*Data section*.
▼
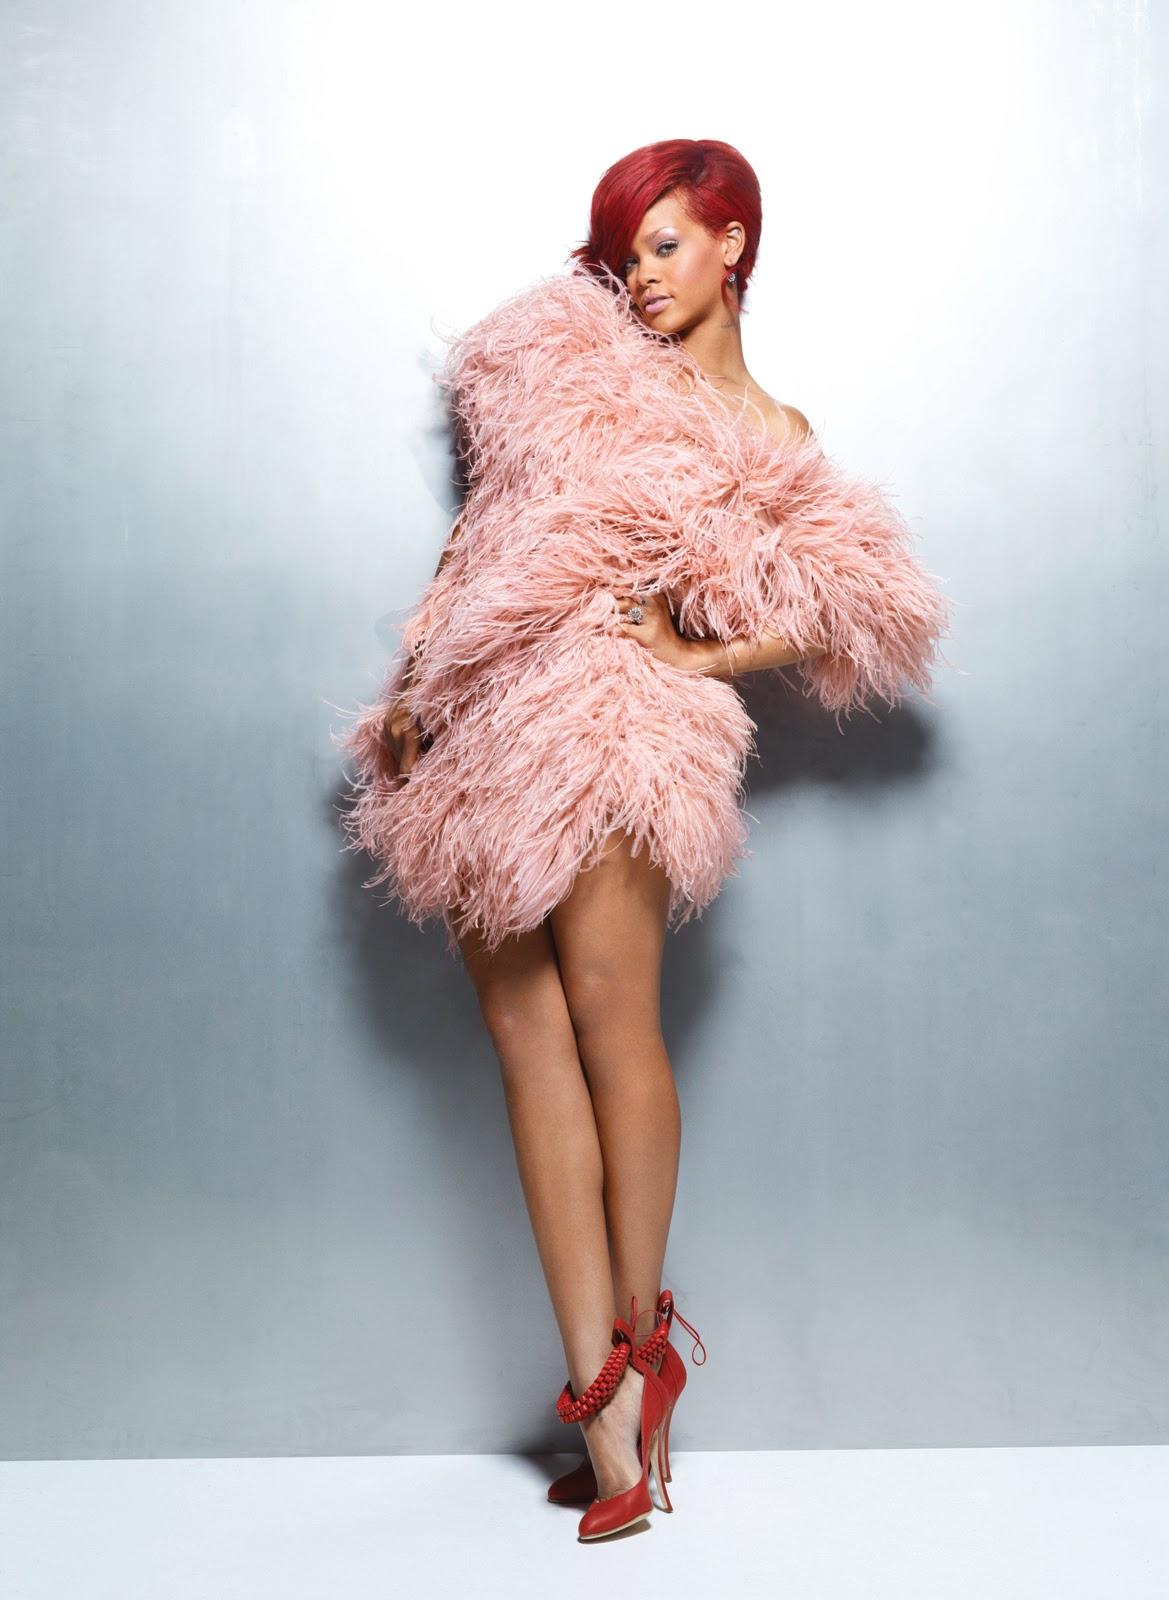 http://1.bp.blogspot.com/_c6MC1HN_BoI/TMwwo2DJp_I/AAAAAAAAAbw/gh-sVgDET2U/s1600/Rihanna+%2813%29.jpg
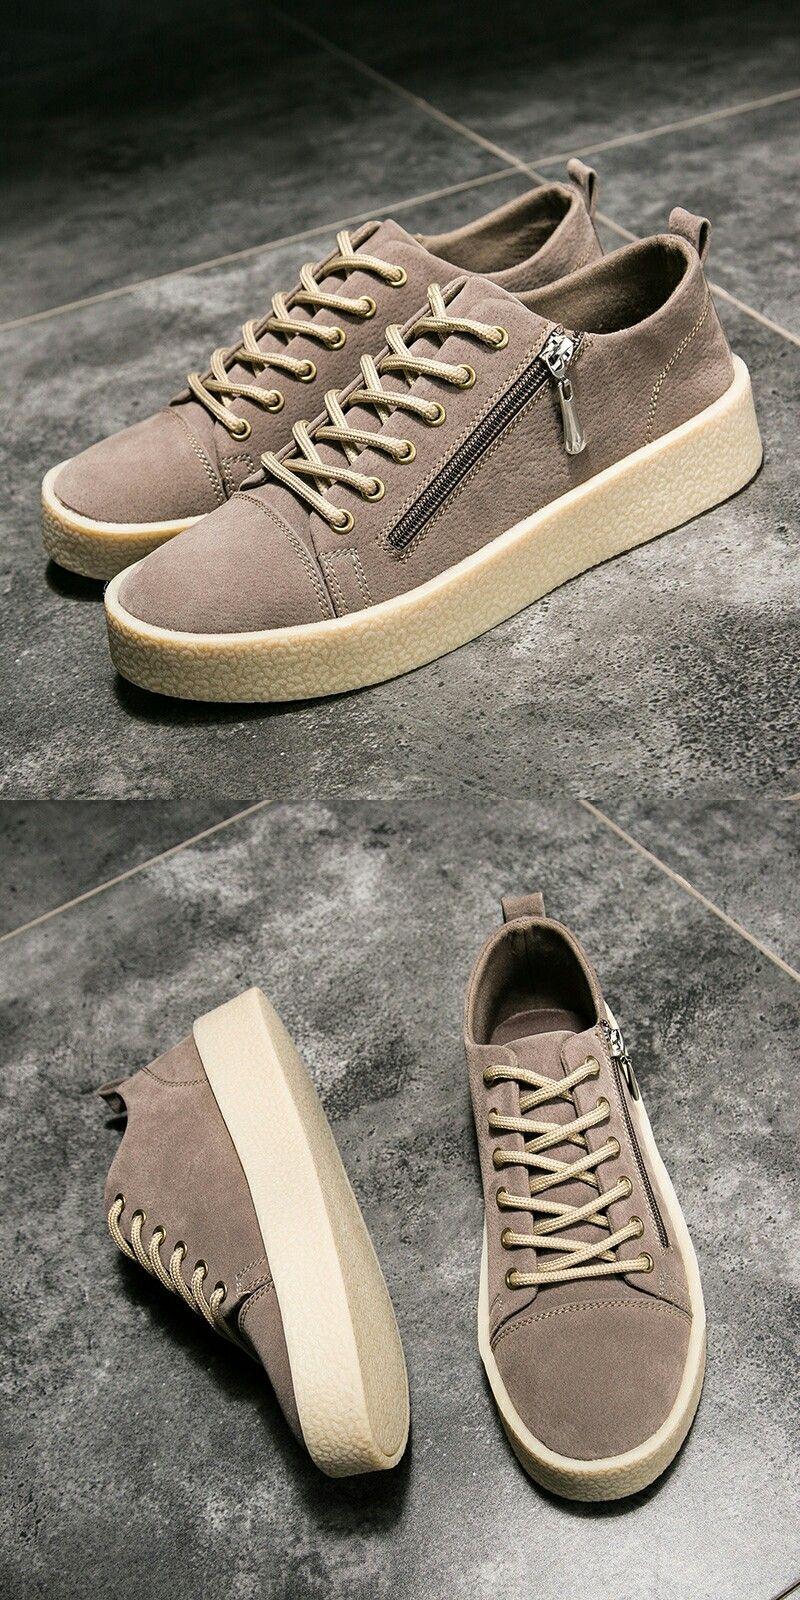 Sapatos Exóticos Masculinos | Modelos de sapatos, Sapatos
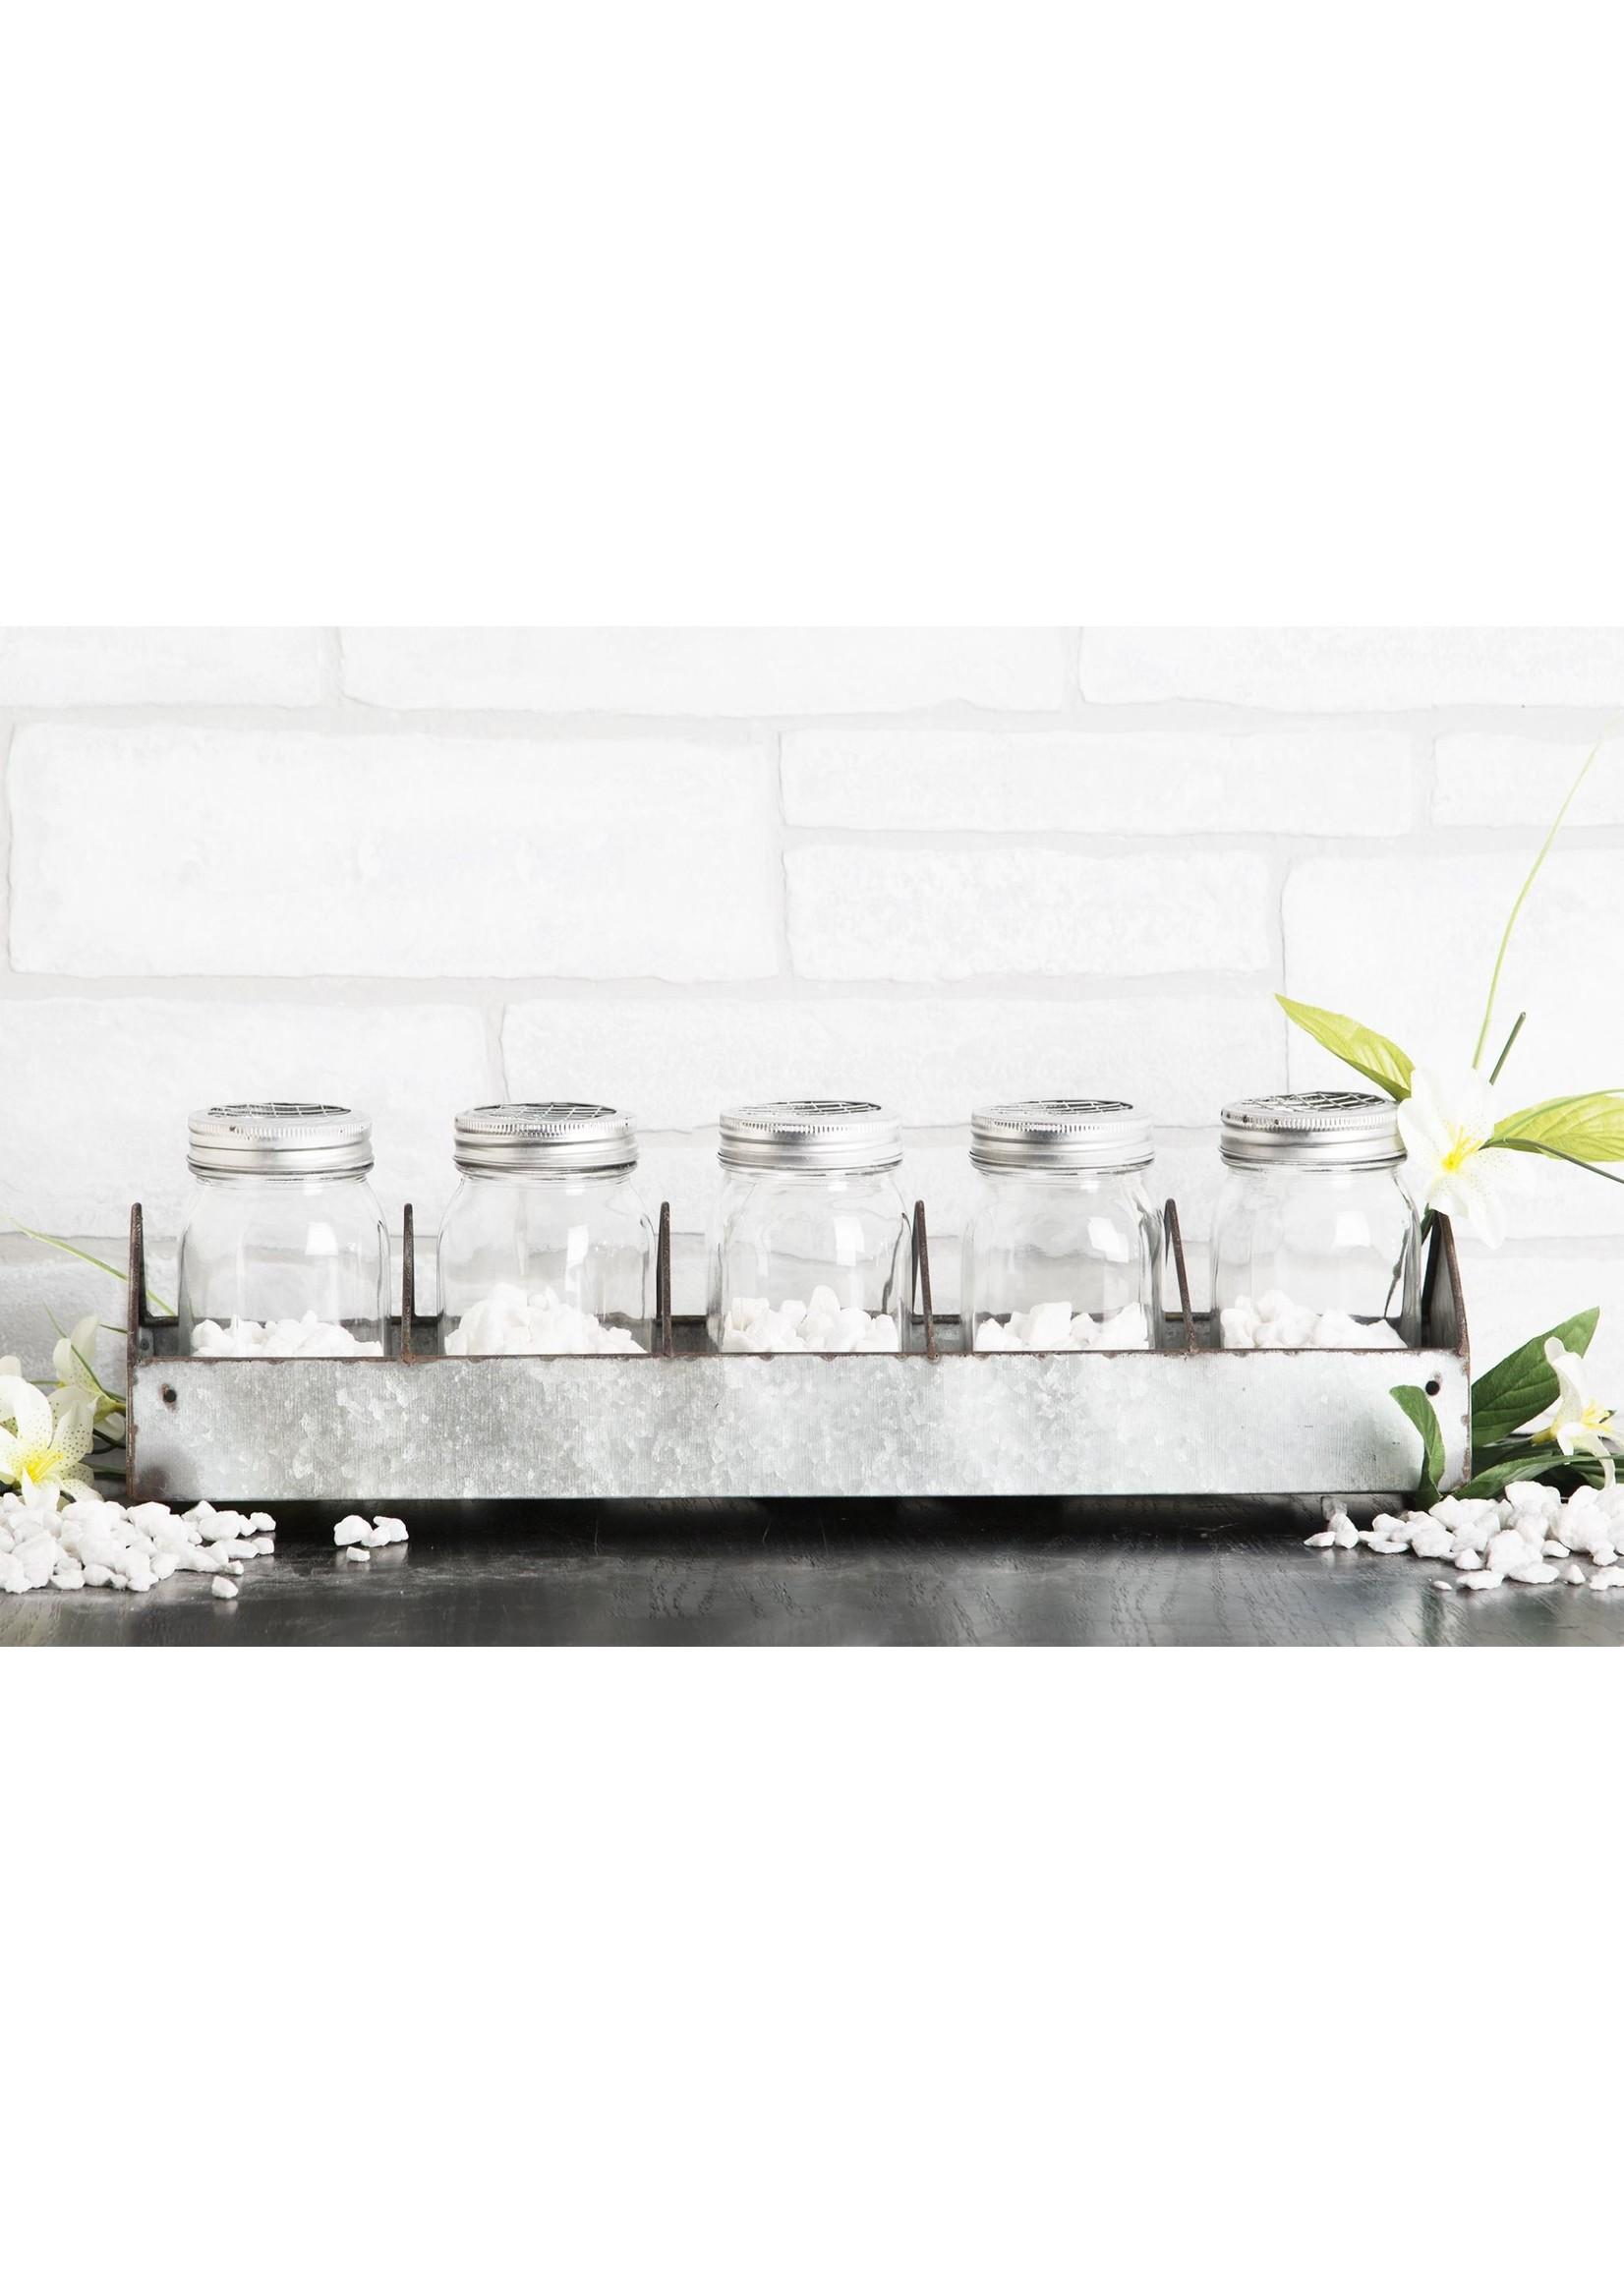 Home Essentials Mason Jar(5)  On Galvanized Tray
▲
*What the task asks*. Return exactly the lines running from the line with "Sapatos Exóticos Masculinos" through the final line of the listing. Leave the pictures out.

*Response to the exercise*.
 Sapatos Exóticos Masculinos | Modelos de sapatos, Sapatos
 Home Essentials Mason Jar(5)  On Galvanized Tray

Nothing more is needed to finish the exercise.